Work to be completed: Begin the copy at the line containing "Filet de poulet" and end it at the final line of the material below, reproducing each line exactly, without images.

Data in this exercise:
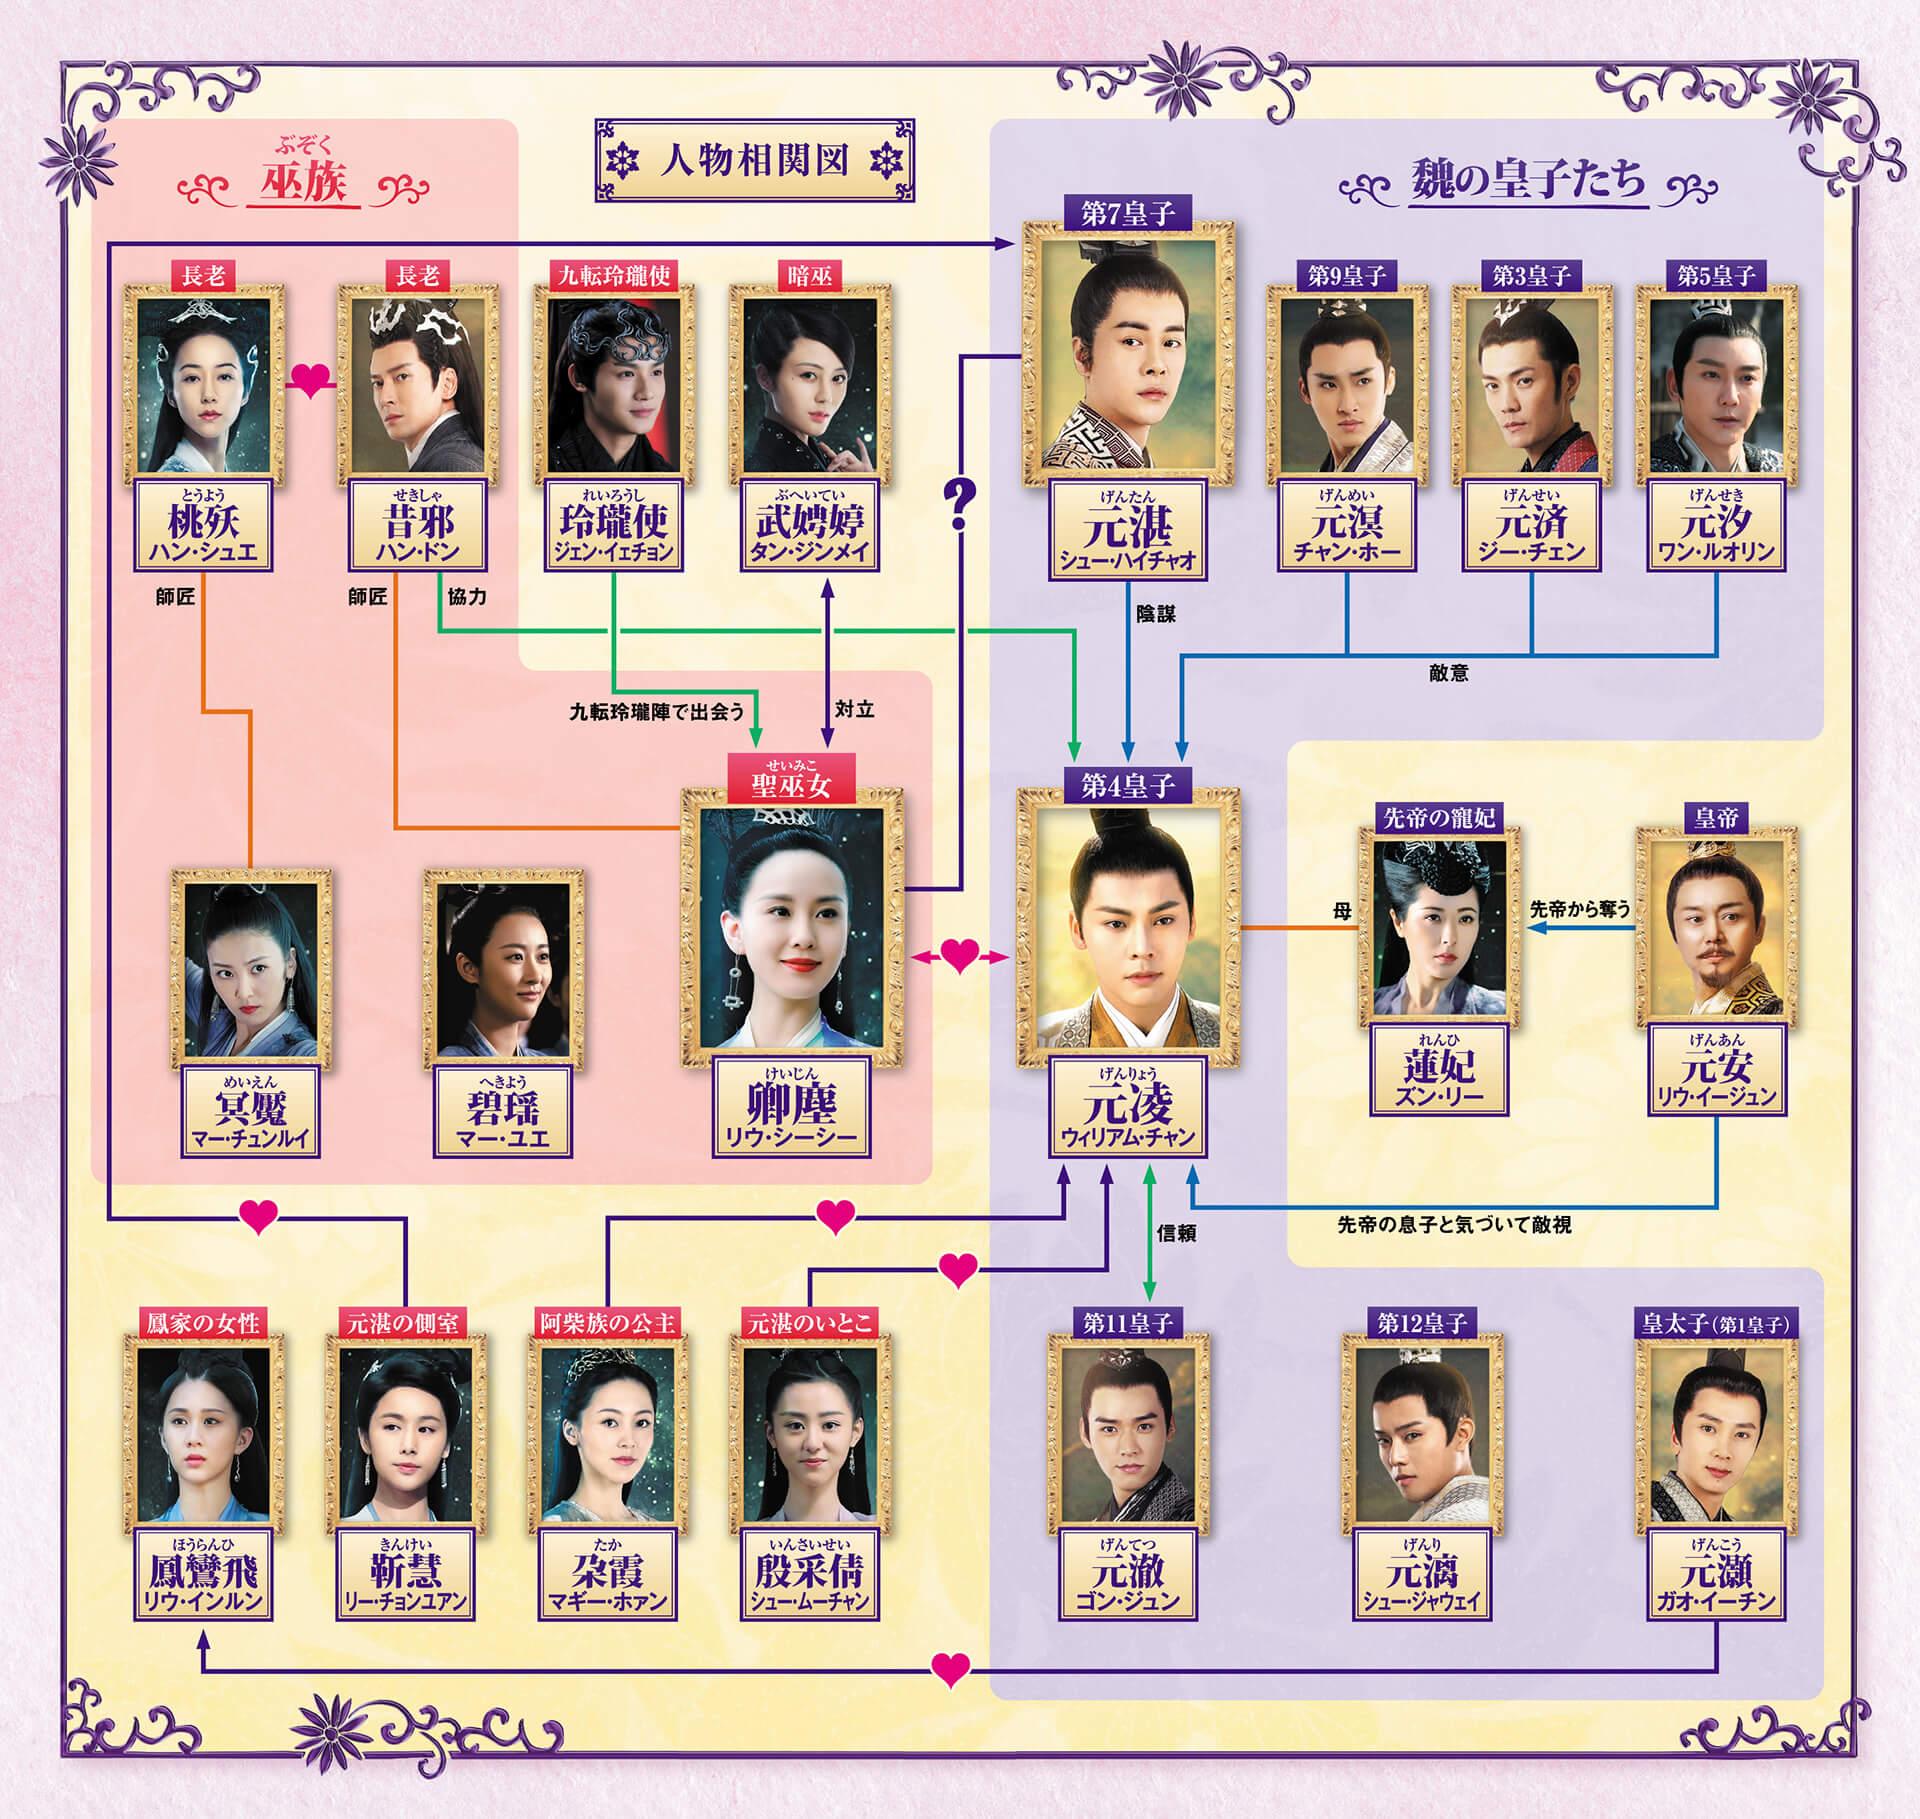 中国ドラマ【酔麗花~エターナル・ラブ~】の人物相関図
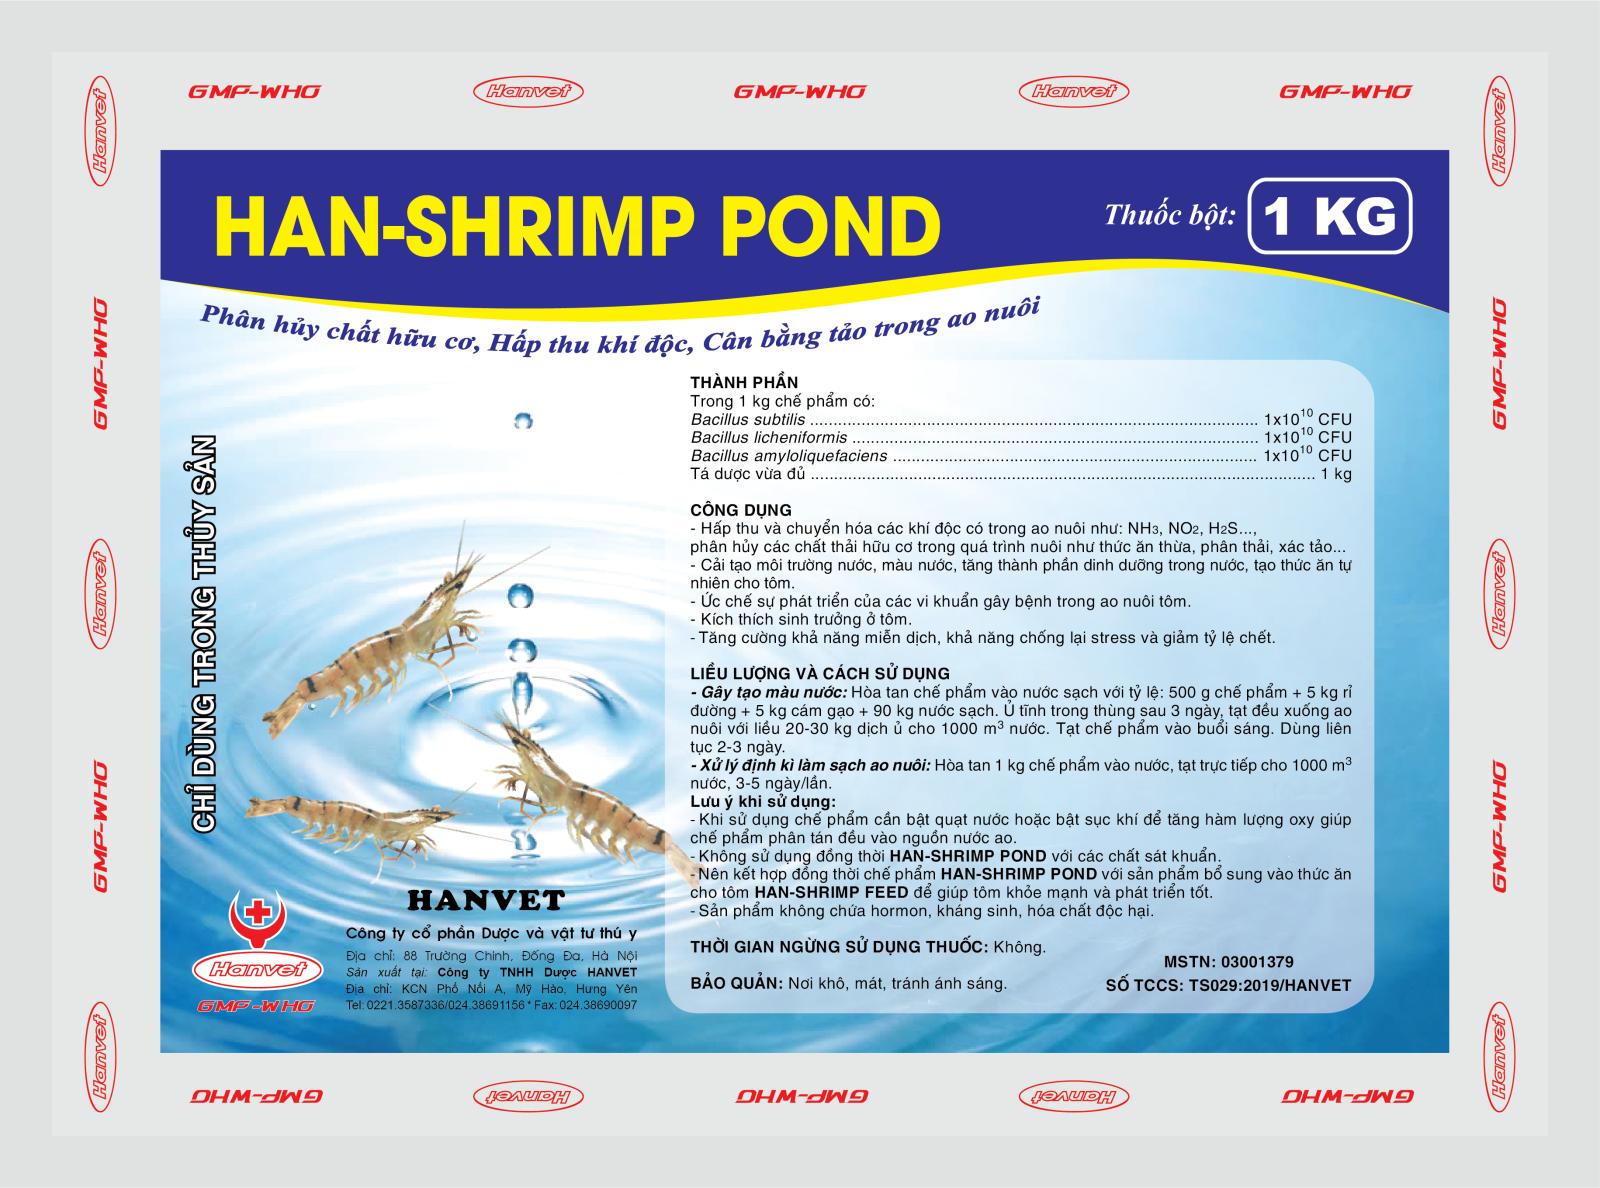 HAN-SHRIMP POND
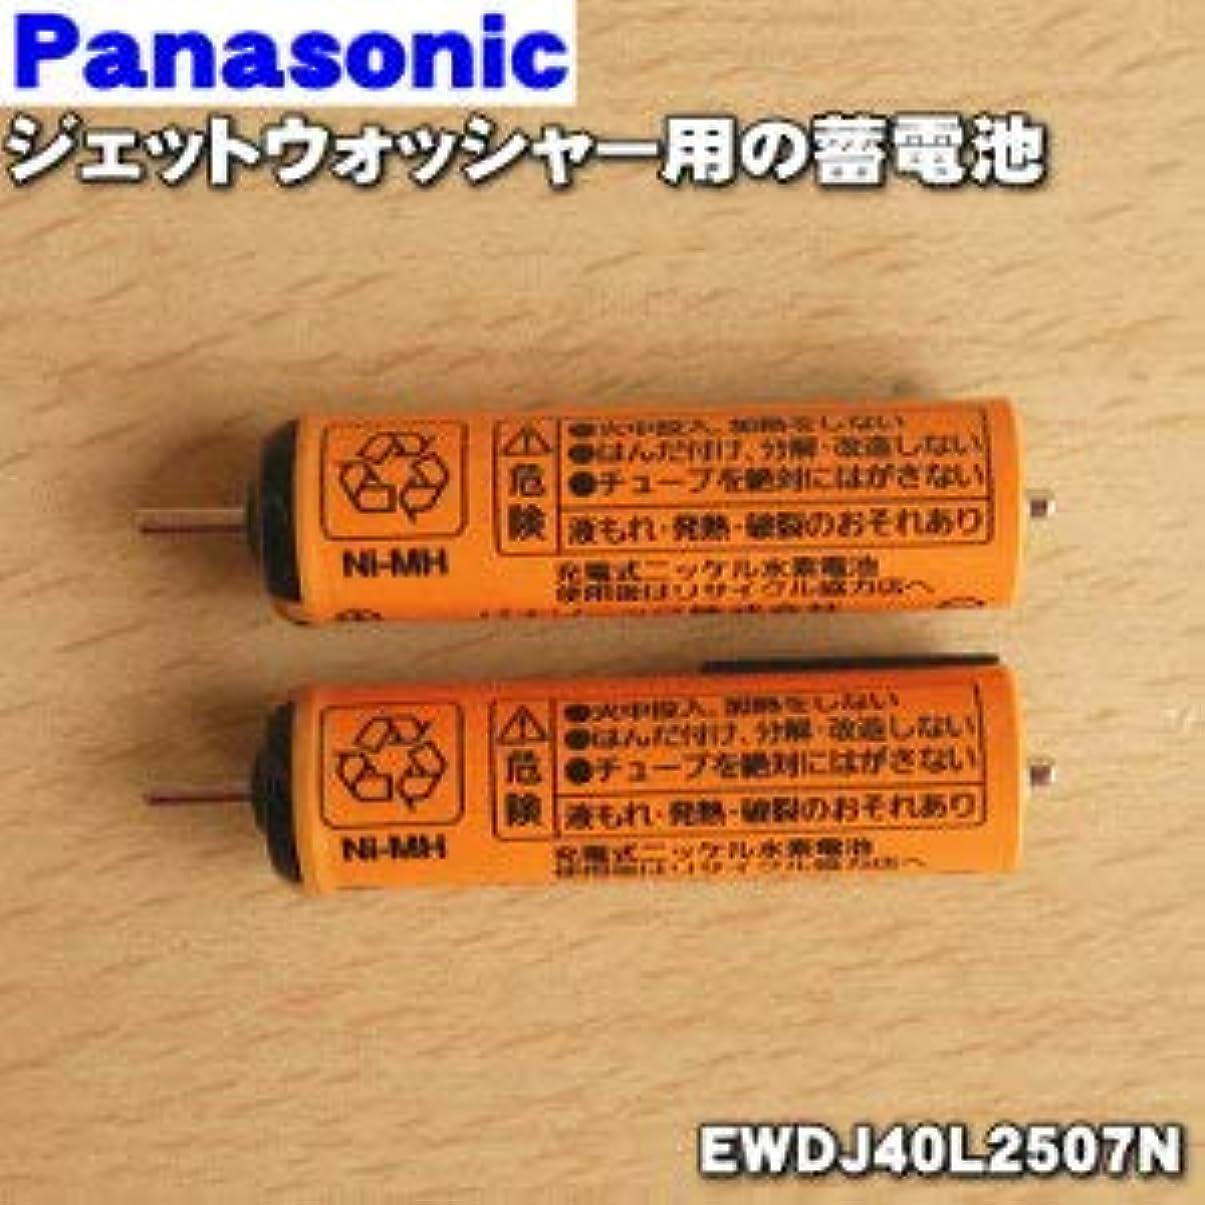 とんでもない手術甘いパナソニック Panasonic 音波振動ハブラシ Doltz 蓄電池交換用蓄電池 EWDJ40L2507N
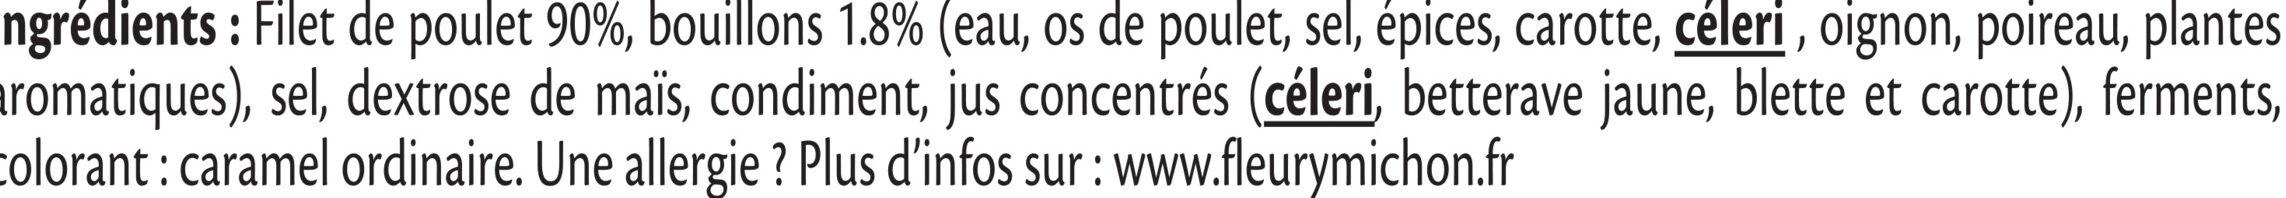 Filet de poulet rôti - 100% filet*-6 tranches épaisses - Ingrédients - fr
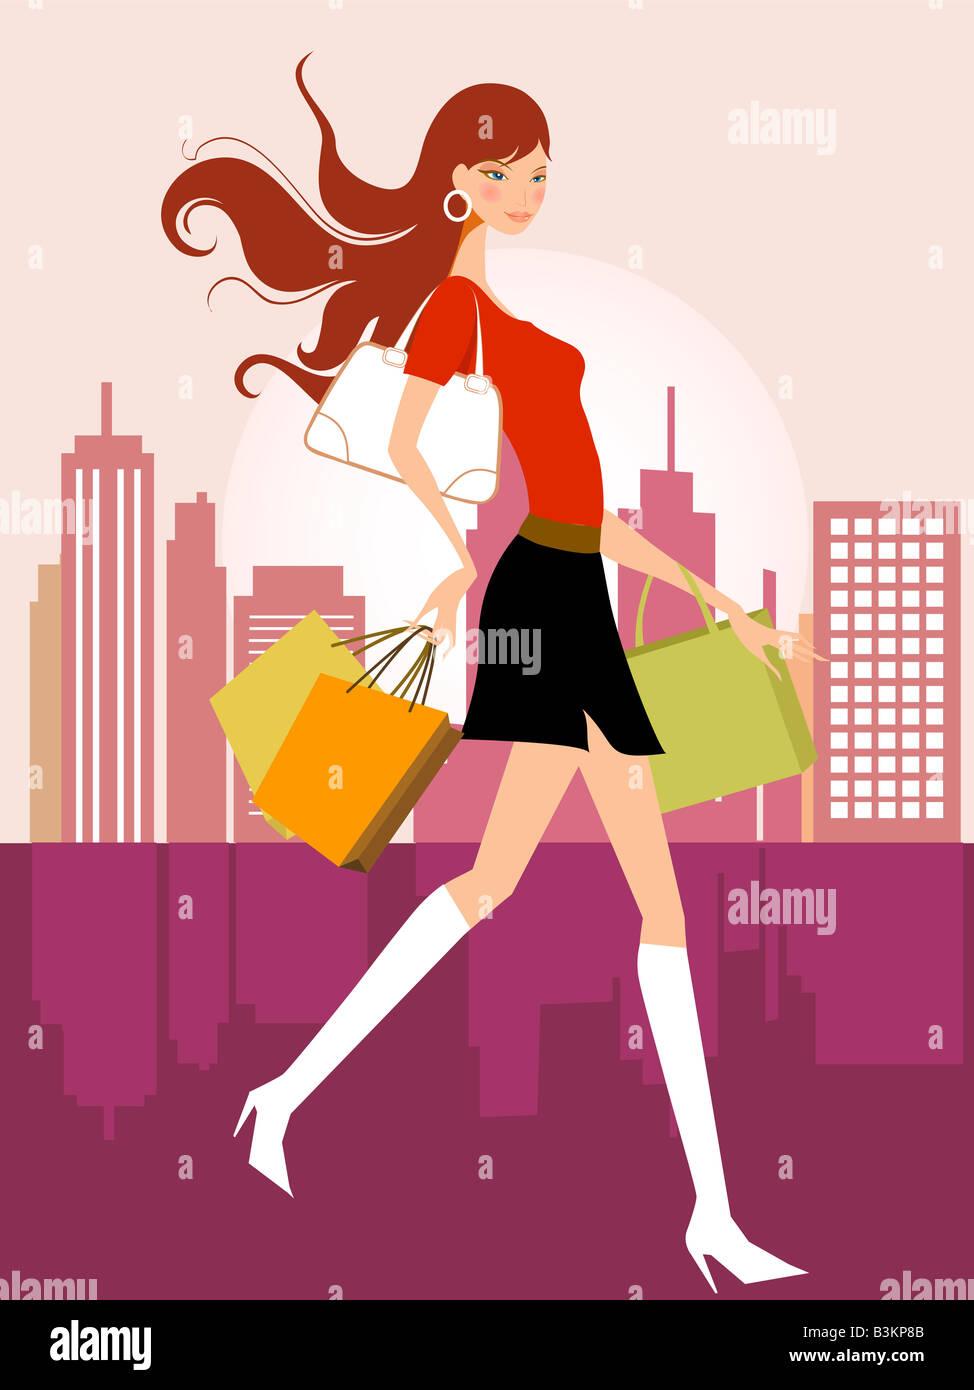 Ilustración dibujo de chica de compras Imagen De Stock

Output of the exercise:
 Filet de poulet rôti - 100% filet*-6 tranches épaisses - Ingrédients - fr
 Ilustración dibujo de chica de compras Imagen De Stock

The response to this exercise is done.